### WHAT IS BEING ASKED
Word for word and without images, reproduce the listing that follows.

### COLLECTED DATA
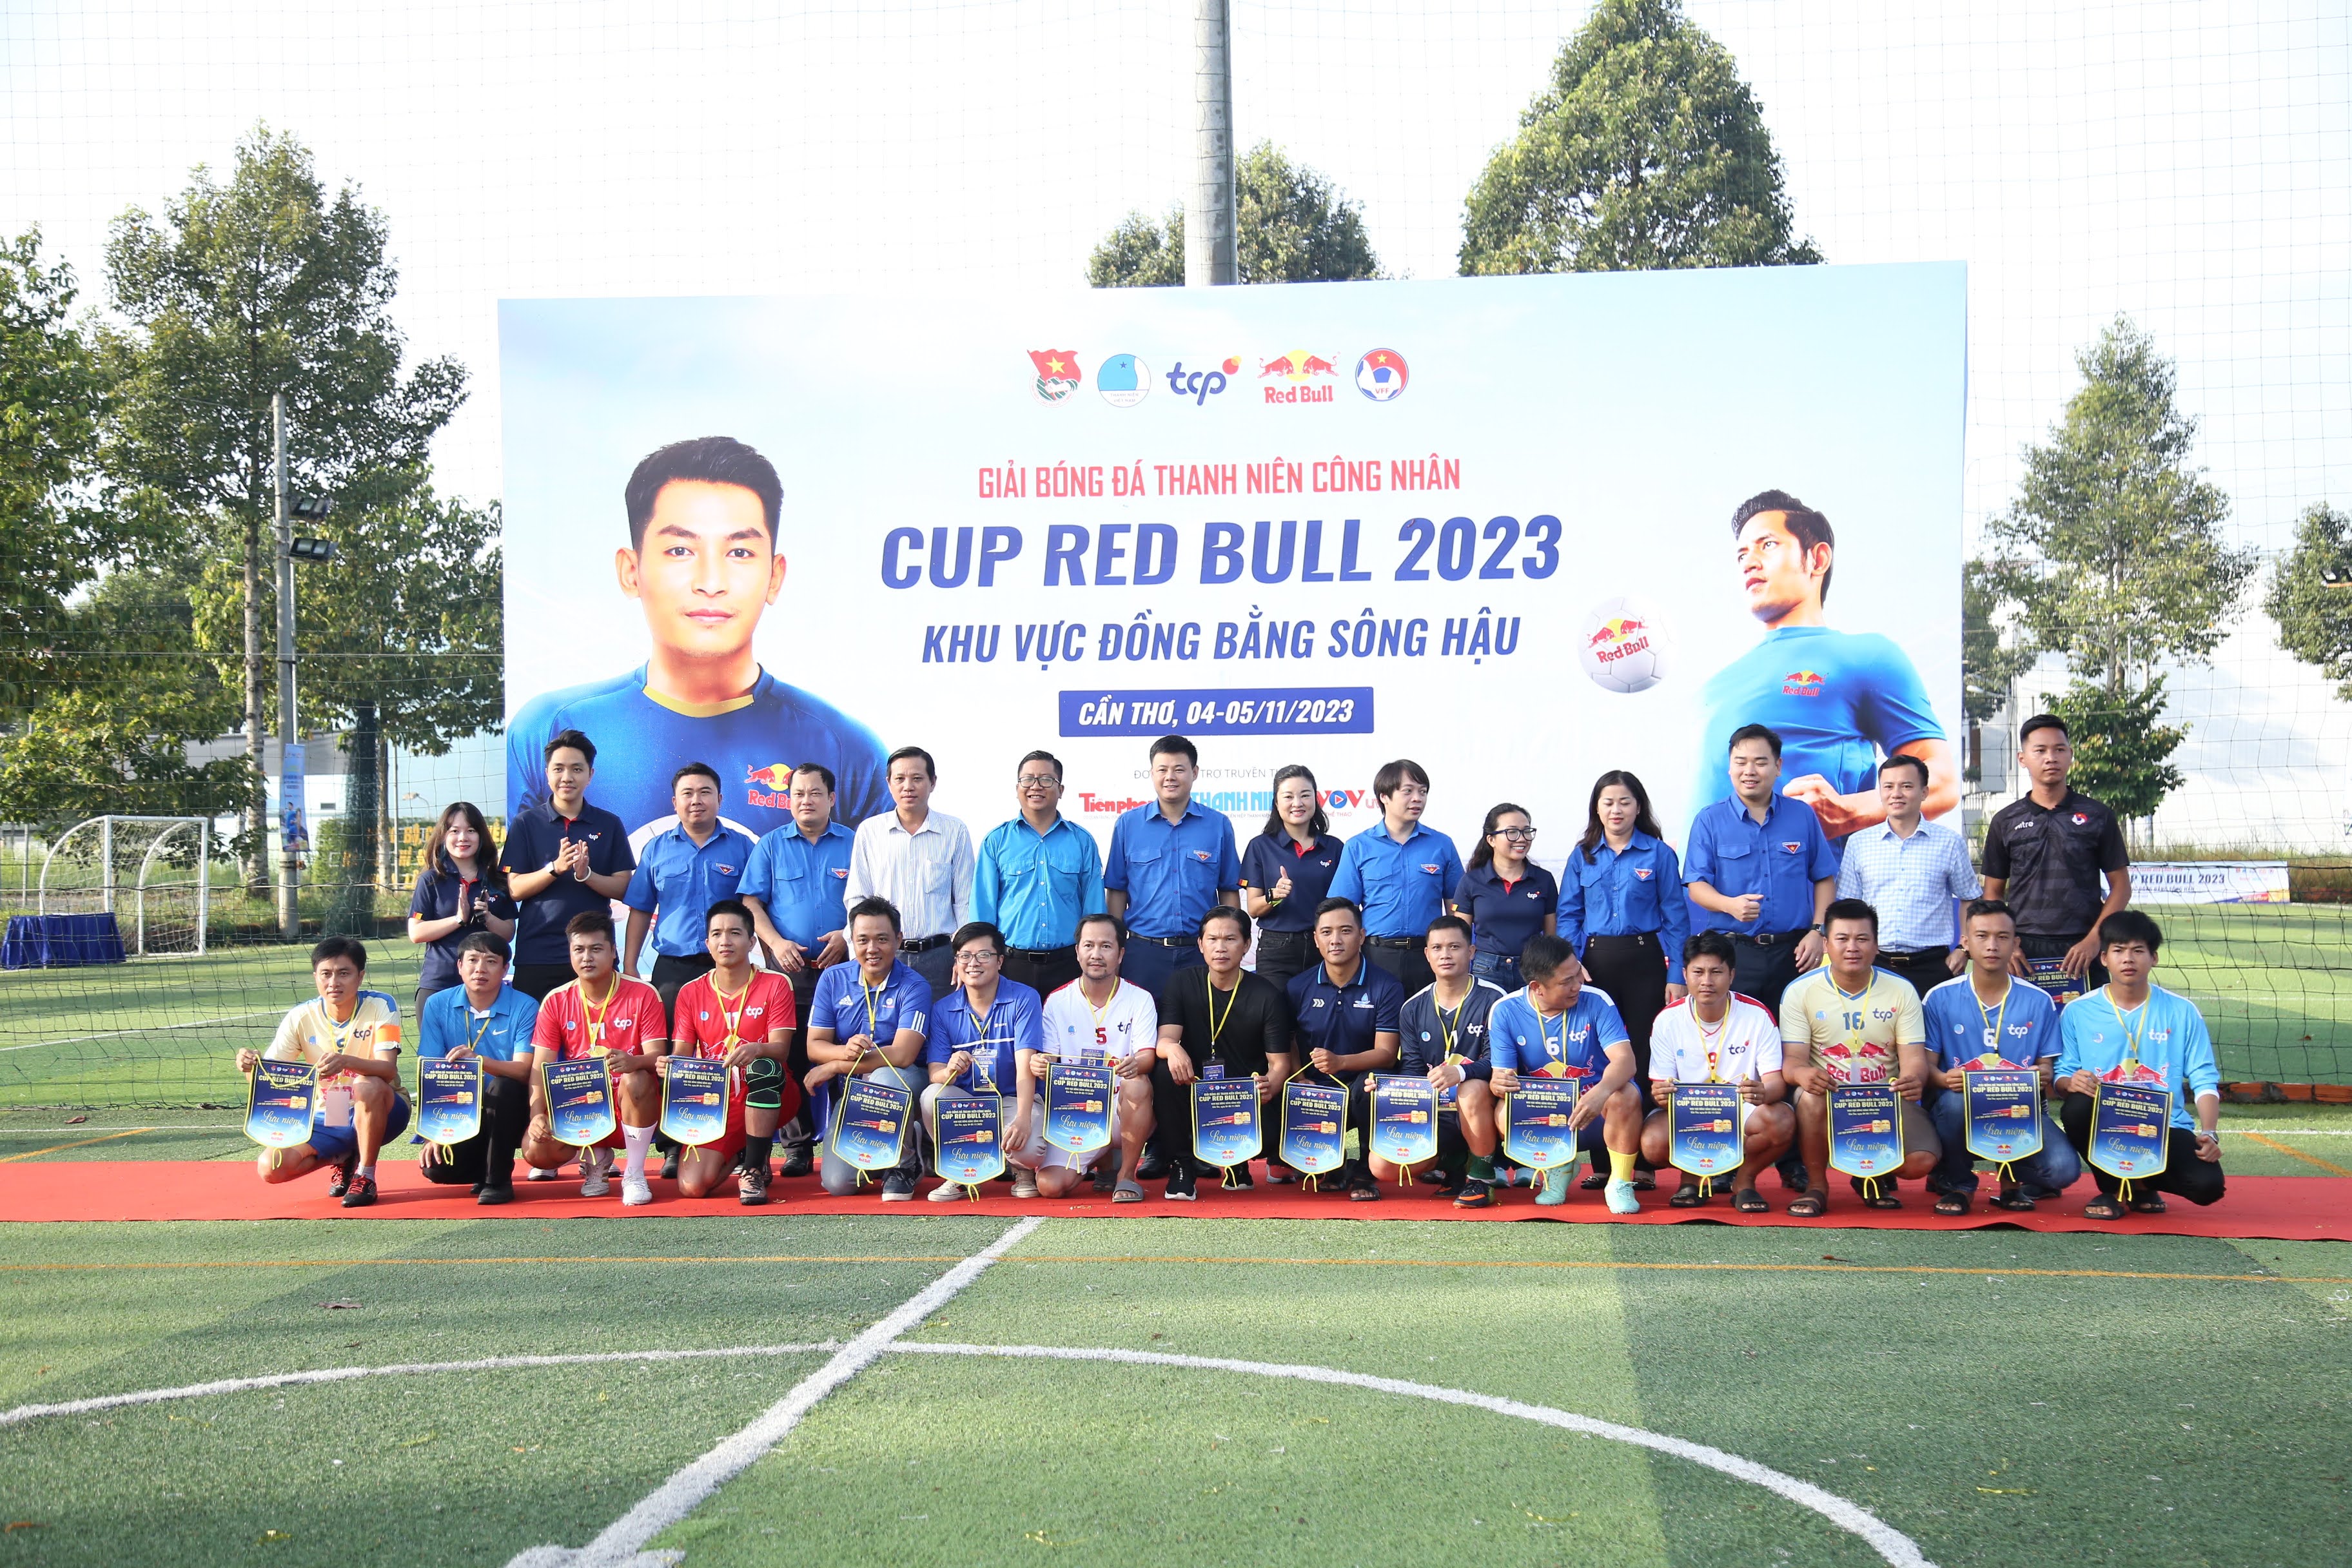 Lễ khai mạc Giải bóng đá nam Thanh niên công nhân cúp Red Bull khu vực Đồng bằng Sông Hậu. Ảnh: BTC
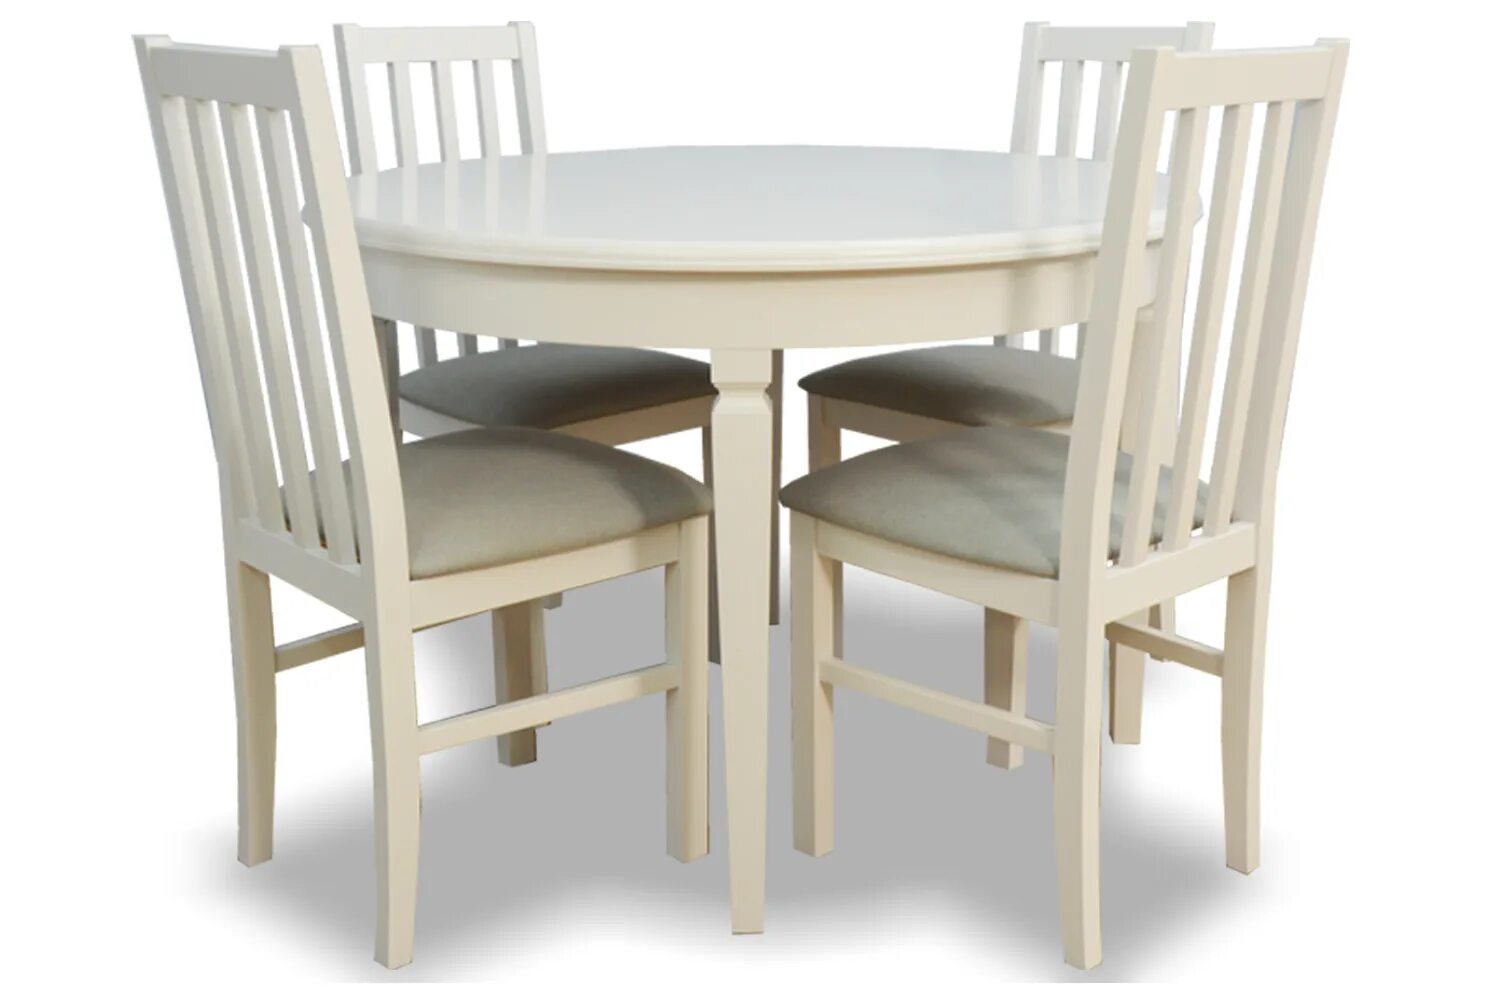 Стол кухонный набор. Обеденный набор Halmar Faust (стол + 4 стула). Хофф наборы стол и стулья. Обеденный комплект для кухни стол и стулья. Кухонный набор стол и стулья.
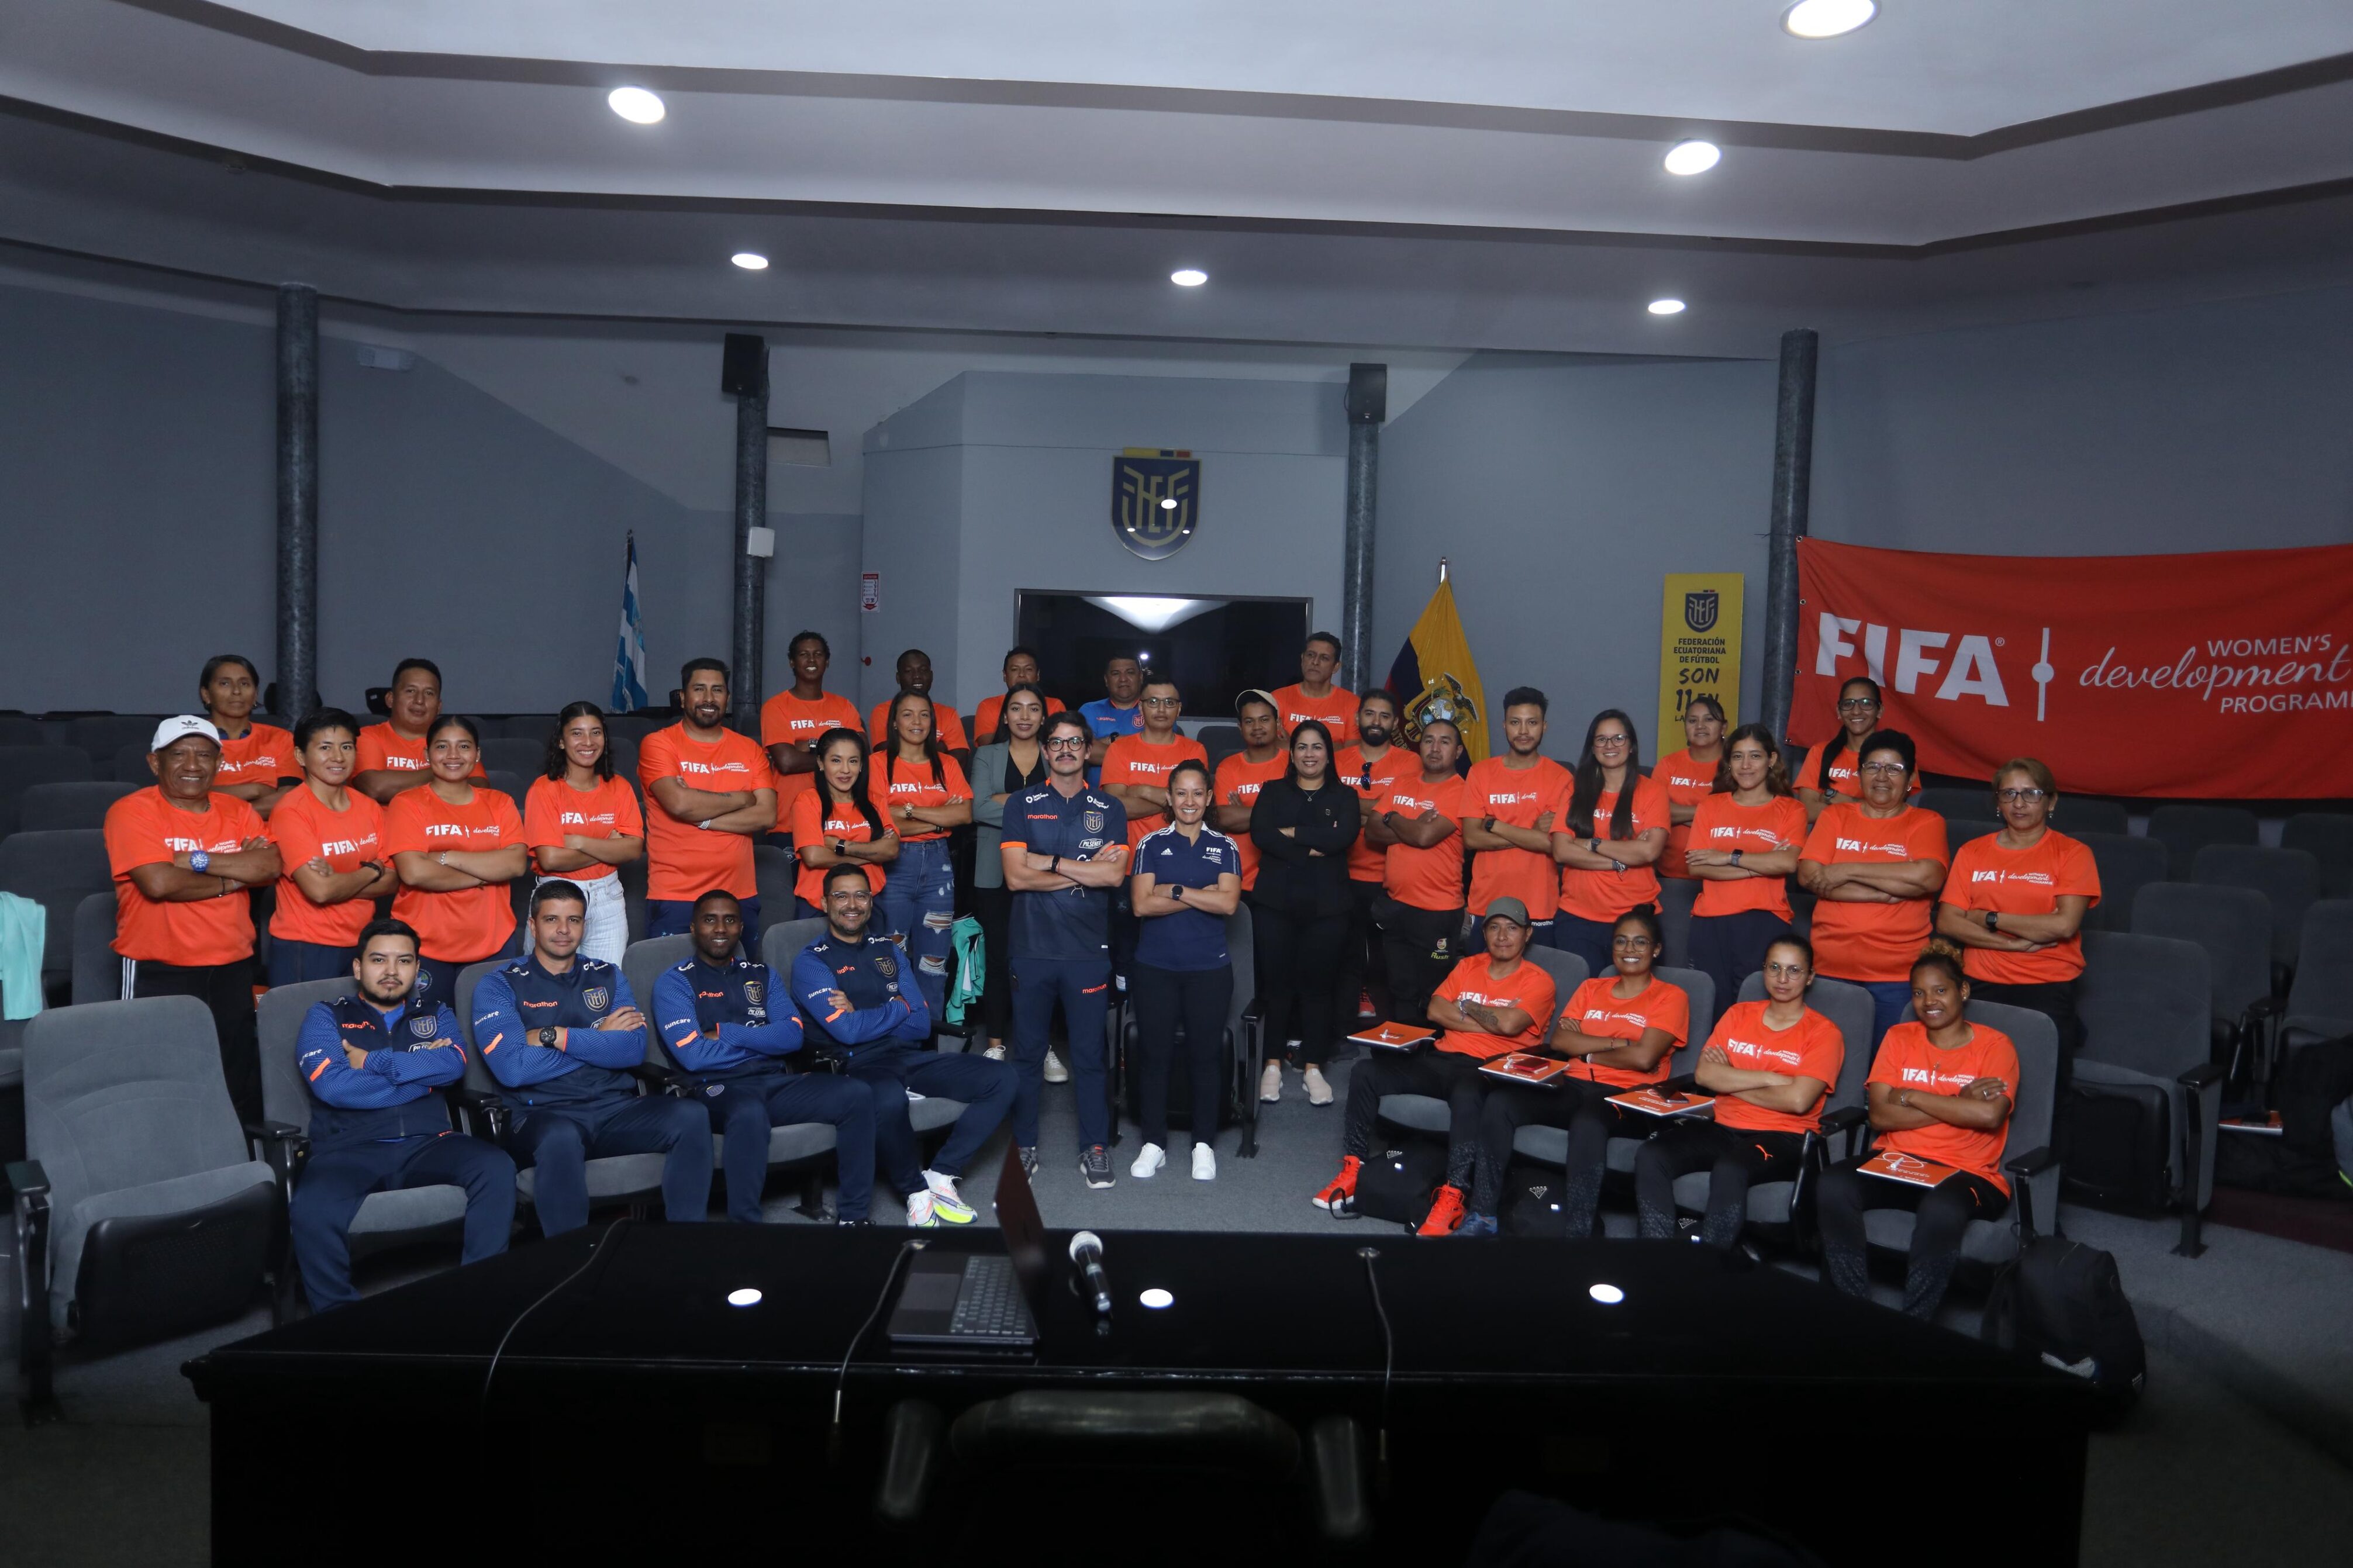 La Federación Ecuatoriana de Fútbol (FEF), en el marco del Programa Desarrollo de Ligas, con el apoyo de la Federación Internacional de Asociaciones de Fútbol (FIFA), brindó hoy una jornada de capacitación presencial para entrenadores de fútbol femenino.

### ANSWER TO THE PROBLEM
 Lễ khai mạc Giải bóng đá nam Thanh niên công nhân cúp Red Bull khu vực Đồng bằng Sông Hậu. Ảnh: BTC
 Стол кухонный набор. Обеденный набор Halmar Faust (стол + 4 стула). Хофф наборы стол и стулья. Обеденный комплект для кухни стол и стулья. Кухонный набор стол и стулья.
 La Federación Ecuatoriana de Fútbol (FEF), en el marco del Programa Desarrollo de Ligas, con el apoyo de la Federación Internacional de Asociaciones de Fútbol (FIFA), brindó hoy una jornada de capacitación presencial para entrenadores de fútbol femenino.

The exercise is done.